Inference with gpt-oss-120b using stateful Python code execution¶

In this tutorial, you will learn how to run inference with gpt-oss-120b model using the built-in stateful Python code execution.

We will first reproduce the evaluation results on AIME24 and AIME25 benchmarks (hitting 100% with majority voting!) and then extend this to run arbitrary synthetic data generation with or without Python tool use.

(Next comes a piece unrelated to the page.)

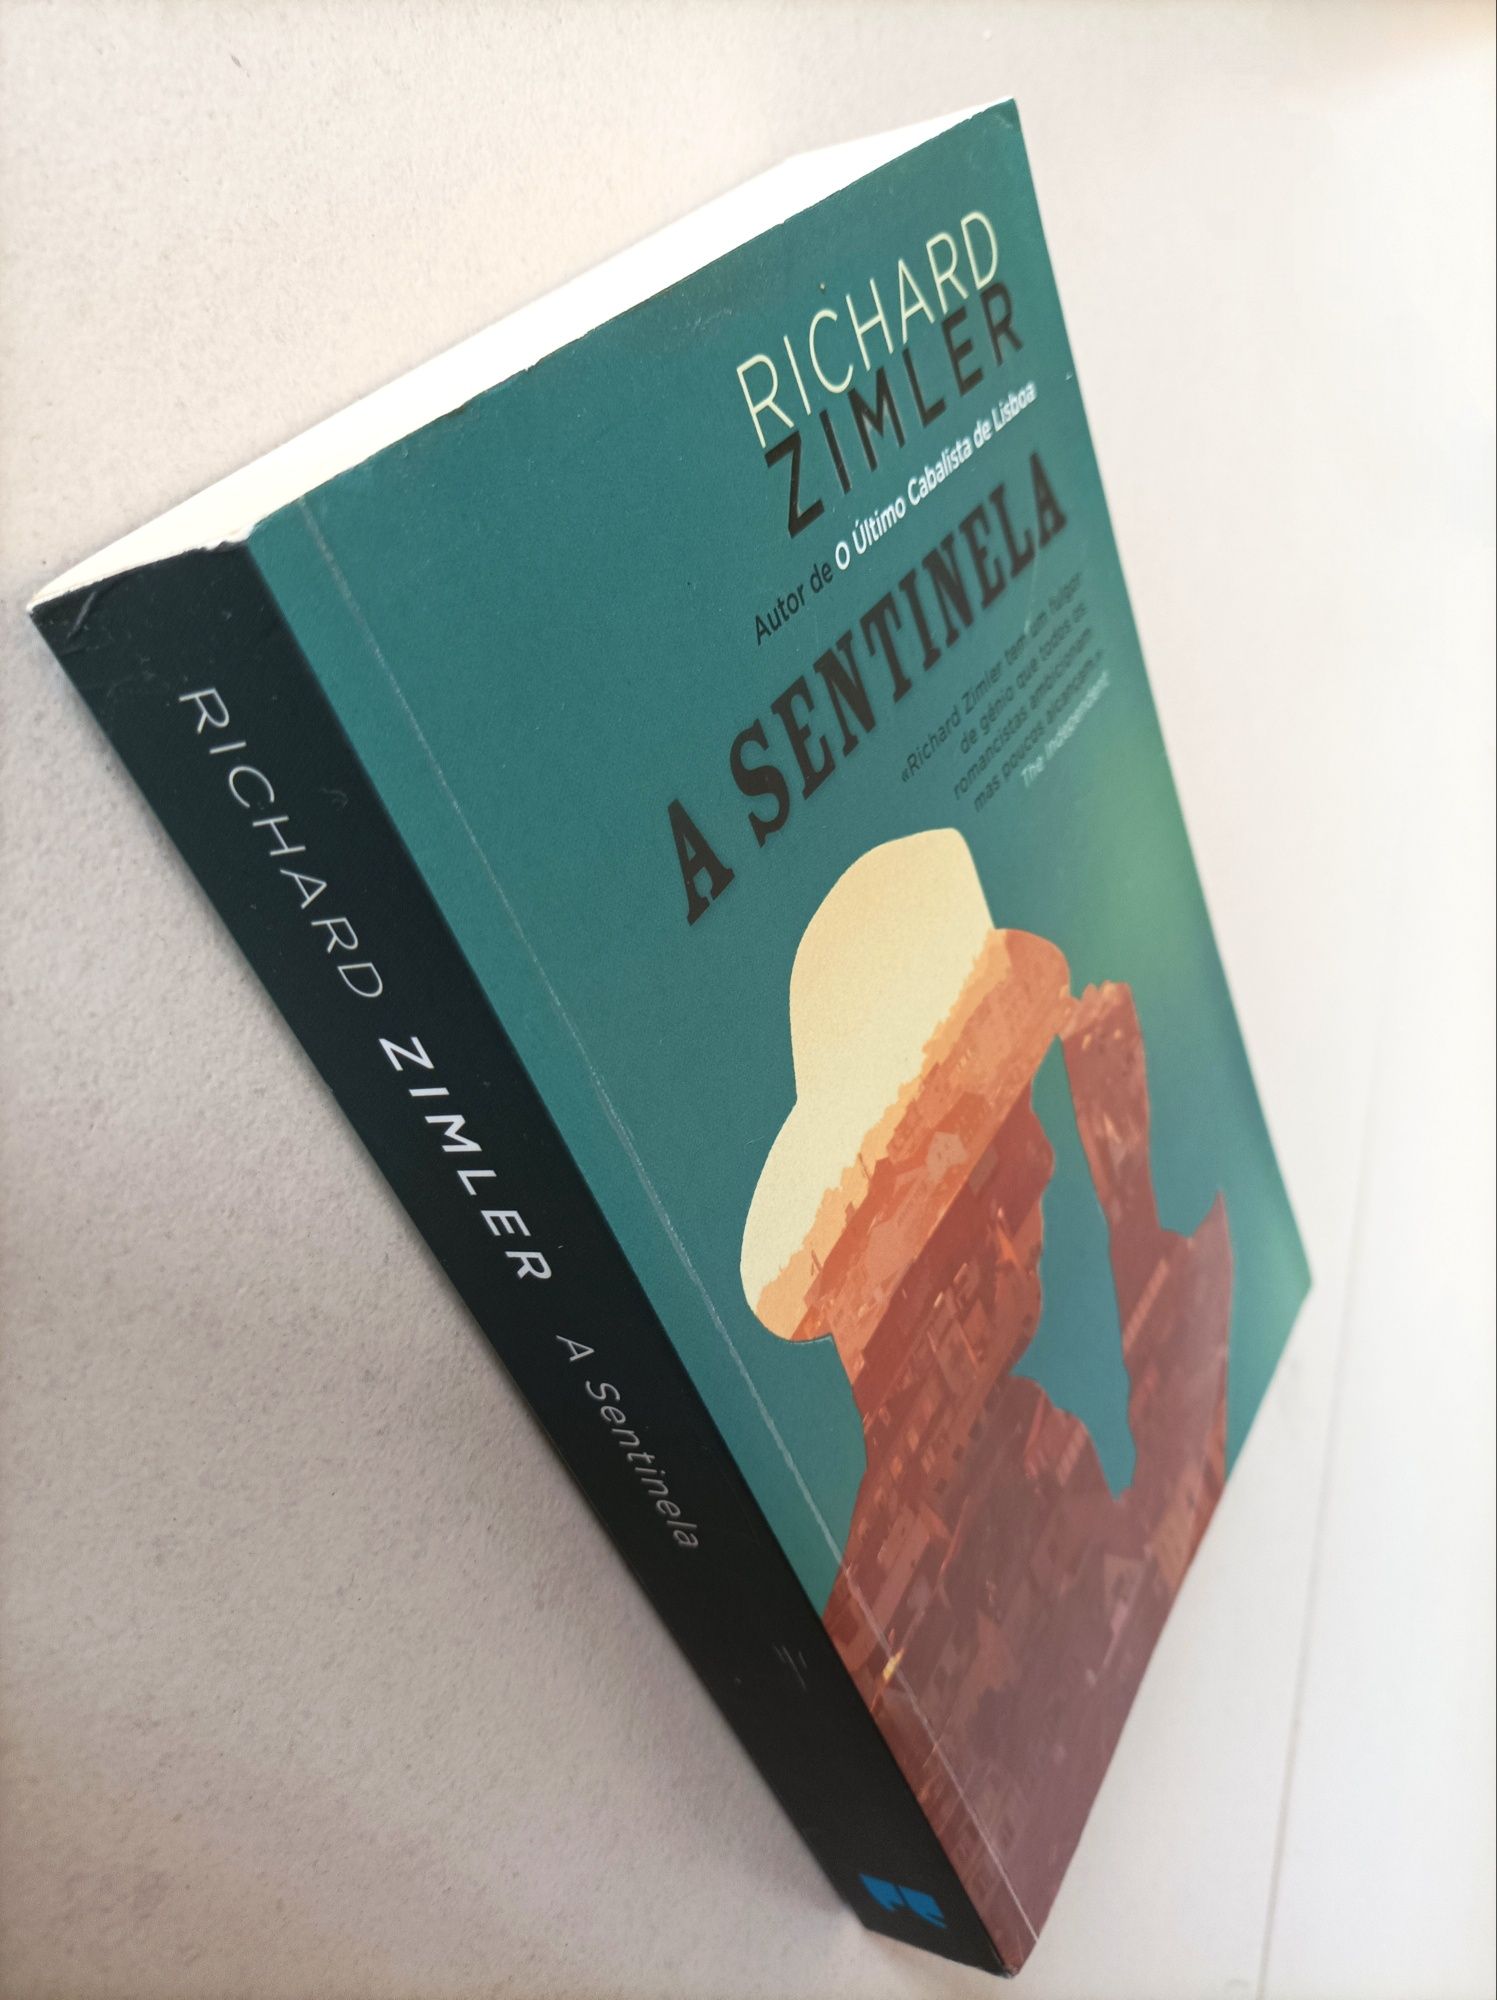 Livro: A Sentinela de Richard Zimler

----------------------------------------- aime24 ----------------------------------------
evaluation_mode   | num_entries | avg_tokens | gen_seconds | symbolic_correct | no_answer
pass@1[avg-of-16] | 30          | 13306      | 1645        | 96.46%           | 0.42%
majority@16       | 30          | 13306      | 1645        | 100.00%          | 0.00%
pass@16           | 30          | 13306      | 1645        | 100.00%          | 0.00%

----------------------------------------- aime25 ----------------------------------------
evaluation_mode   | num_entries | avg_tokens | gen_seconds | symbolic_correct | no_answer
pass@1[avg-of-16] | 30          | 14463      | 1717        | 96.67%           | 0.83%
majority@16       | 30          | 14463      | 1717        | 100.00%          | 0.00%
pass@16           | 30          | 14463      | 1717        | 100.00%          | 0.00%

Note

If you're not familiar with NeMo-Skills, we recommend that you start by reading through our Getting Started tutorial.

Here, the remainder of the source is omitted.